Naik pitam, naik darah dan naik palak

“Tetapi sekarang, buanglah semuanya ini, yaitu marah, geram, kejahatan, fitnah dan kata-kata kotor yang keluar dari mulutmu.” Kolose 3: 8

Tahukah Anda arti naik pitam? Pitam artinya pusing kepala (karena darah naik ke kepala). Apabila dipasangkan, naik pitam naik pitam artinya (menjadi) marah sekali (panas hati) sampai-sampai kepala menjadi pusing. Singkatnya, naik pitam memiliki arti atau makna yang sama dengan kata marah. Beberapa ungkapam yang artinya sama dengan naik pitam dan memakai kata ” naik” yaitu naik darah dan naik palak. Kalau naik darah mungkin dihubungkan dengan tekanan darah yang meninggi, naik palak berarti naiknya panas badan. Ketiga ungkapan itu serupa artinya dengan panas hati, murka, geram, geregetan, serangsang, pegal hati, mendidih, mengkal hati, meradang, dan banyak lagi lainnya.

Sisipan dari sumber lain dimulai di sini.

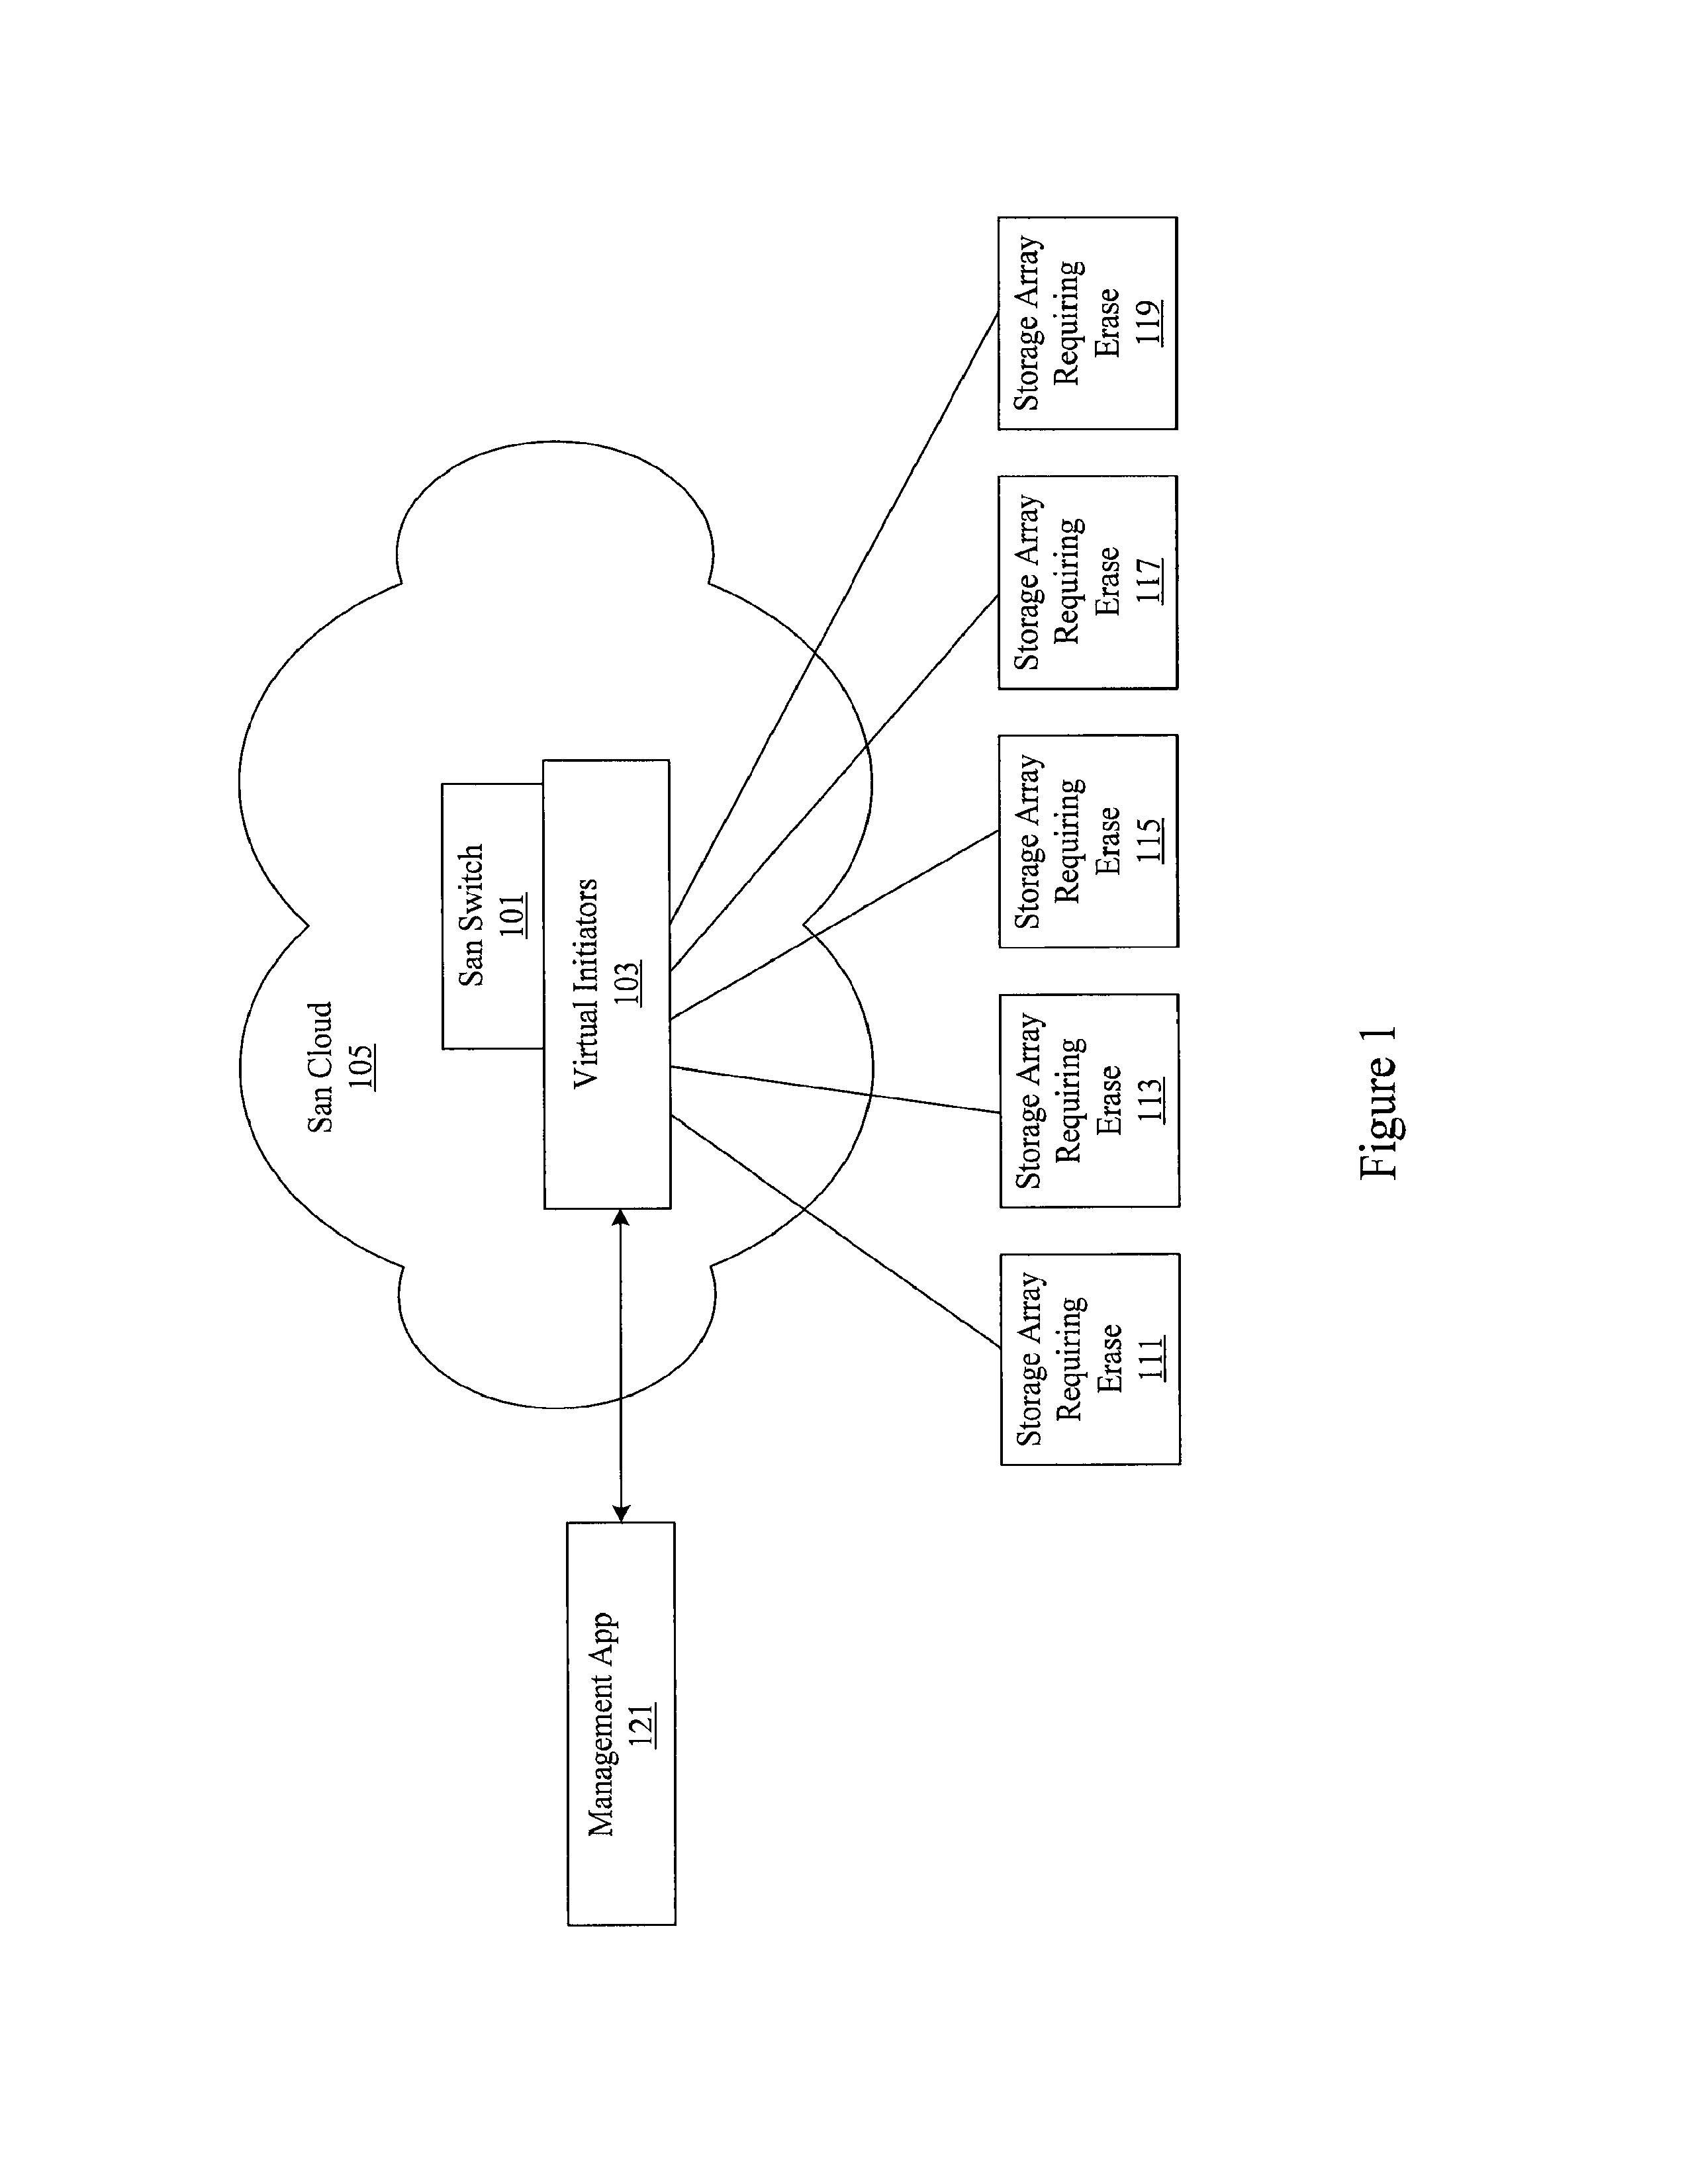 Storage area network (SAN) switch multi-pass erase of data on target devices

Ayat mengenai naik pitam di atas adalah salah satu ayat yang cukup sering dikhotbahkan. Secara umum, apa yang ditulis rasul Paulus ini adalah nasihat yang baik kepada setiap orang Kristen. Dalam hidup sehari-hari, kita dinasihati bahwa apa yang buruk, seperti kemarahan, kegeraman, kejahatan, fitnah, sumpah-serapah dan lain-lainnya seharusnya dihilangkan dari kamus perbendaharaan kata kita. Semua ini belum tentu keluar dari mulut, tetapi sudah pasti berasal dari hati.

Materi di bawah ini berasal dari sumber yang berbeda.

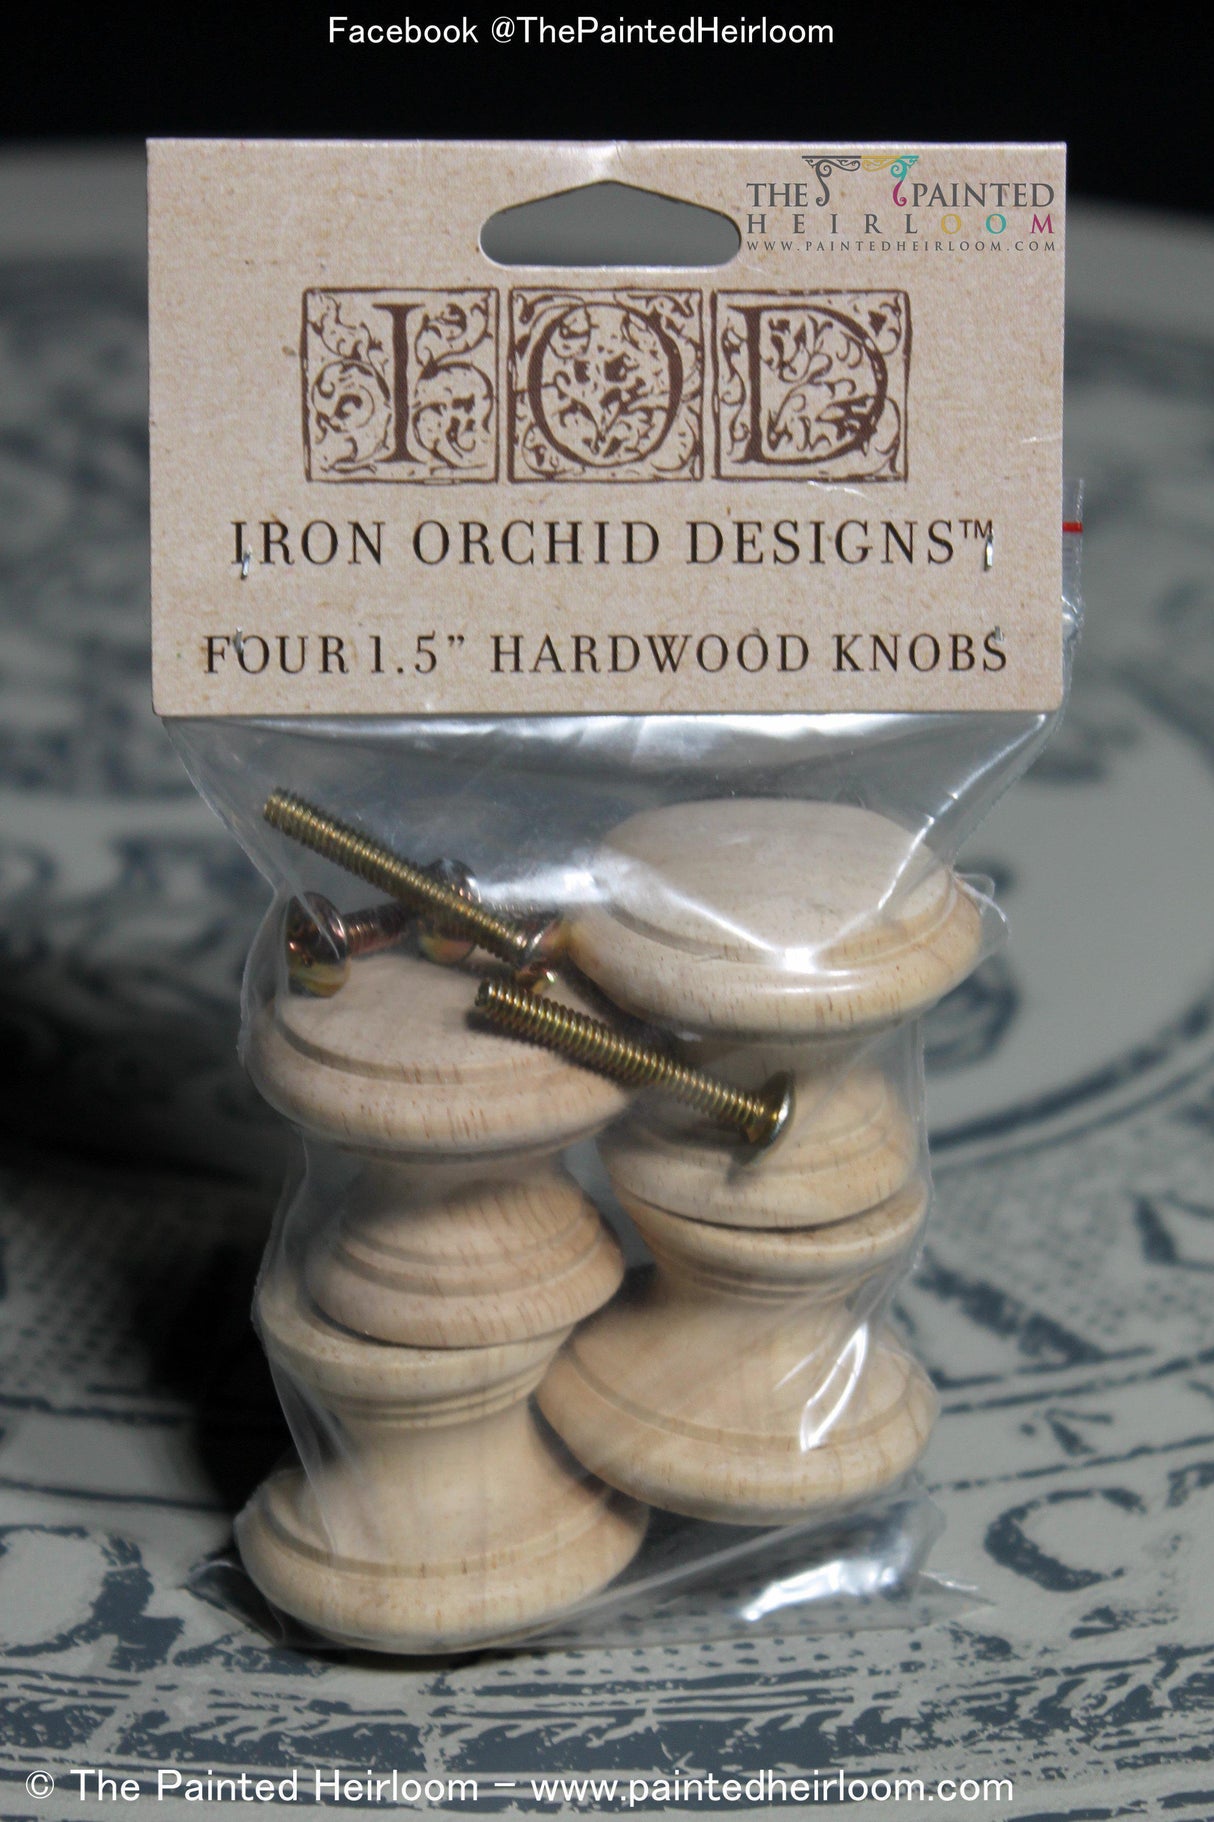 IOD Hardwood Knobs by Iron Orchid Designs @ Painted Heirloom

“Orang yang baik mengeluarkan barang yang baik dari perbendaharaan hatinya yang baik dan orang yang jahat mengeluarkan barang yang jahat dari perbendaharaannya yang jahat. Karena yang diucapkan mulutnya, meluap dari hatinya.” Lukas 6: 45

Mengapa orang bisa menjadi sangat marah sampai melakukan perbuatan tercela? Biasanya kemarahan yang luar biasa disebabkan oleh harga diri yang terasa diinjak-injak oleh orang lain. Orang mungkin marah karena perlakuan orang lain, tetapi selama mereka tidak merasa tersudut atau sangat terhina, kemarahan itu biasanya dapat diredakan sebelum menjadi kegeraman. Sebaliknya, kemarahan yang didasari oleh kesombongan seringkali membuat orang murka dan mata gelap. Dengan demikian dosa terjadi karena munculnya pikiran dan tindakan jahat yang tidak mengerjakan kebenaran di hadapan Allah (Yakobus 1: 20).

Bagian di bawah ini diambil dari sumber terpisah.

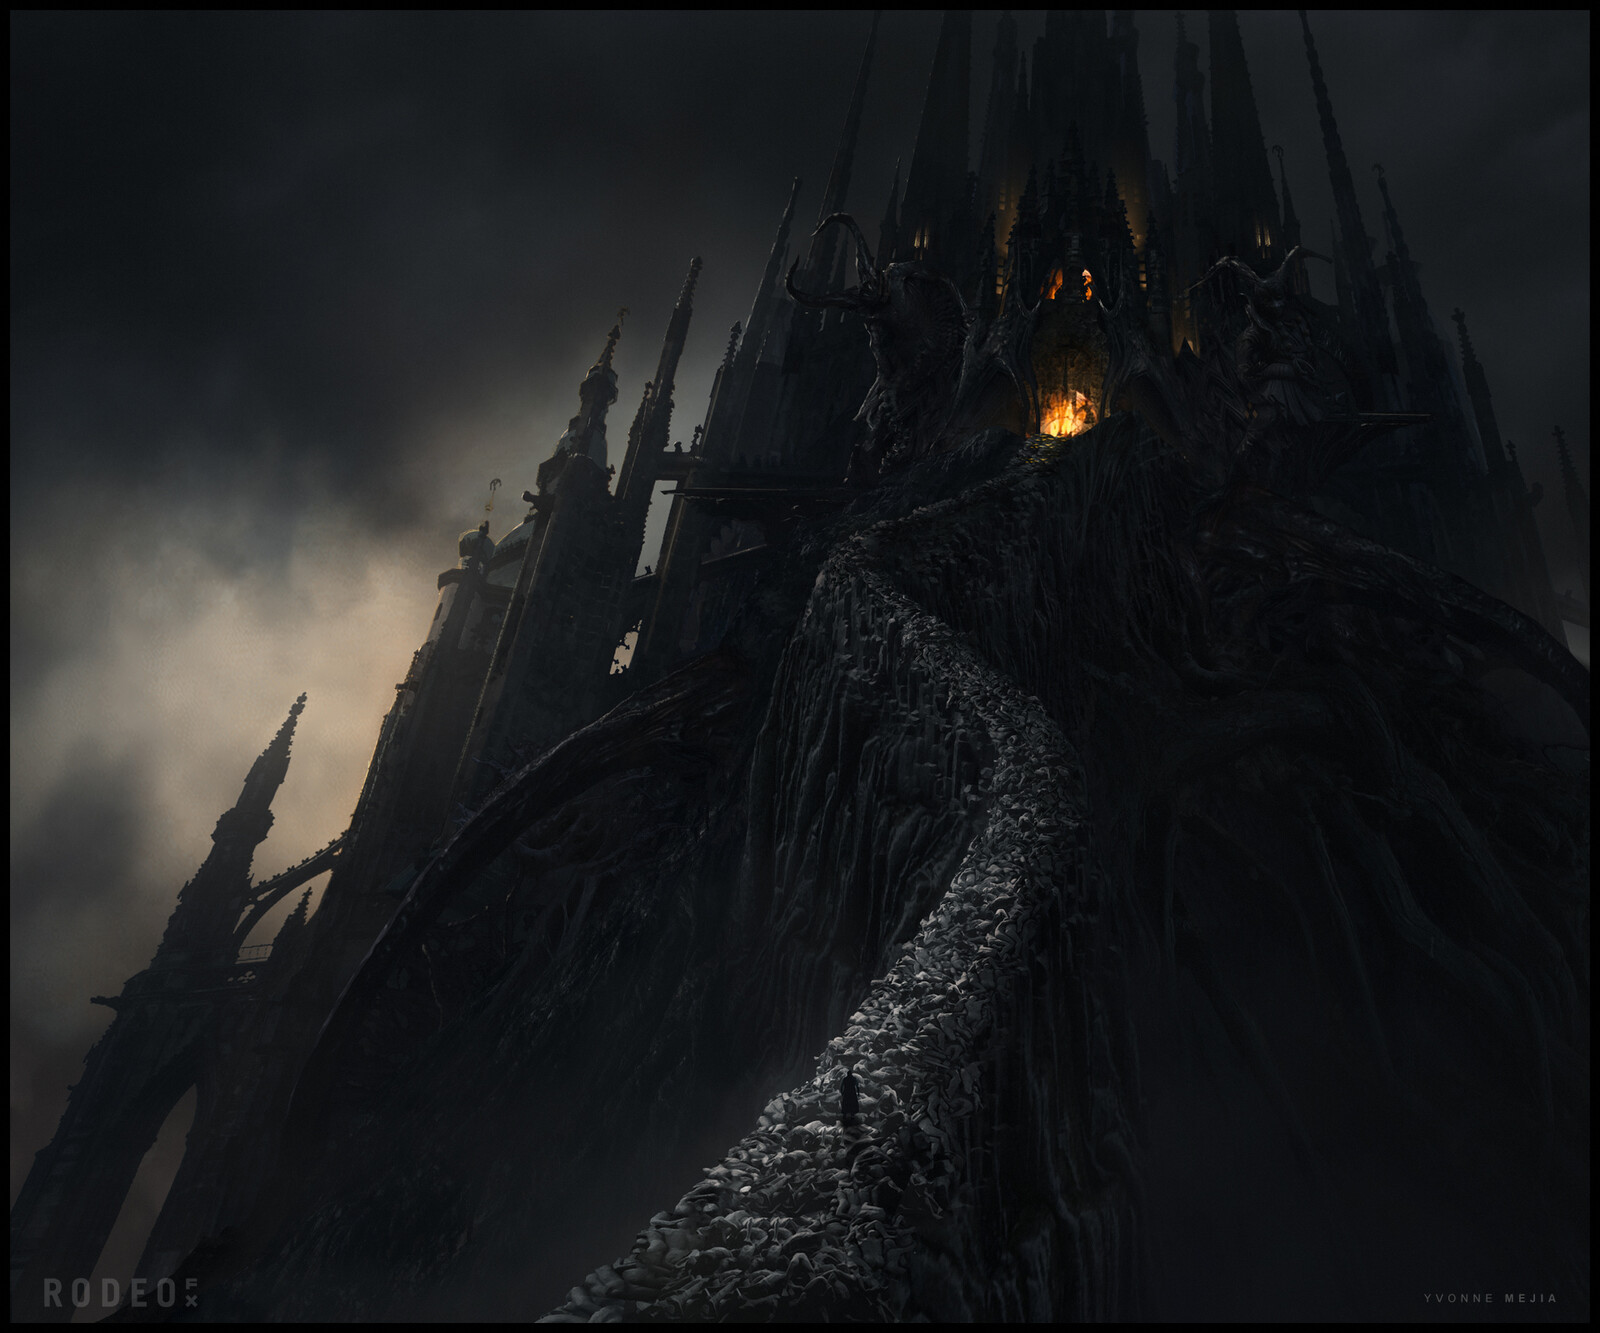 Palace Exterior. Mixing gothic and organic vine-like elements, with demonic creatures towering over the palace entrance. The twisted path leading up to the castle is grotesquely made up of piles of bodies.

Tidak bolehkah orang Kristen marah? Tentu saja boleh jika itu pada tempatnya, misalnya ketika melihat adanya kejahatan atau ketidakadilan dalam hidup bermasyarakat. Walaupun demikian, kemarahan orang Kristen pada hakikatnya tidak boleh berdasarkan pada kebencian kepada individu atau golongan tertentu, tetapi kepada kejahatan yang mereka perbuat. Kemarahan yang pantas bukanlah untuk membenarkan atau menguntungkan diri sendiri, tetapi untuk menegakkan kebenaran bagi masyarakat, terutama bagi saudara-saudara seiman. Kemarahan tidak boleh berkelanjutan, tetapi harus dipadamkan secepatnya sebelum menjadi kebencian, sekalipun masalah yang dipersoalkan belum terselesaikan.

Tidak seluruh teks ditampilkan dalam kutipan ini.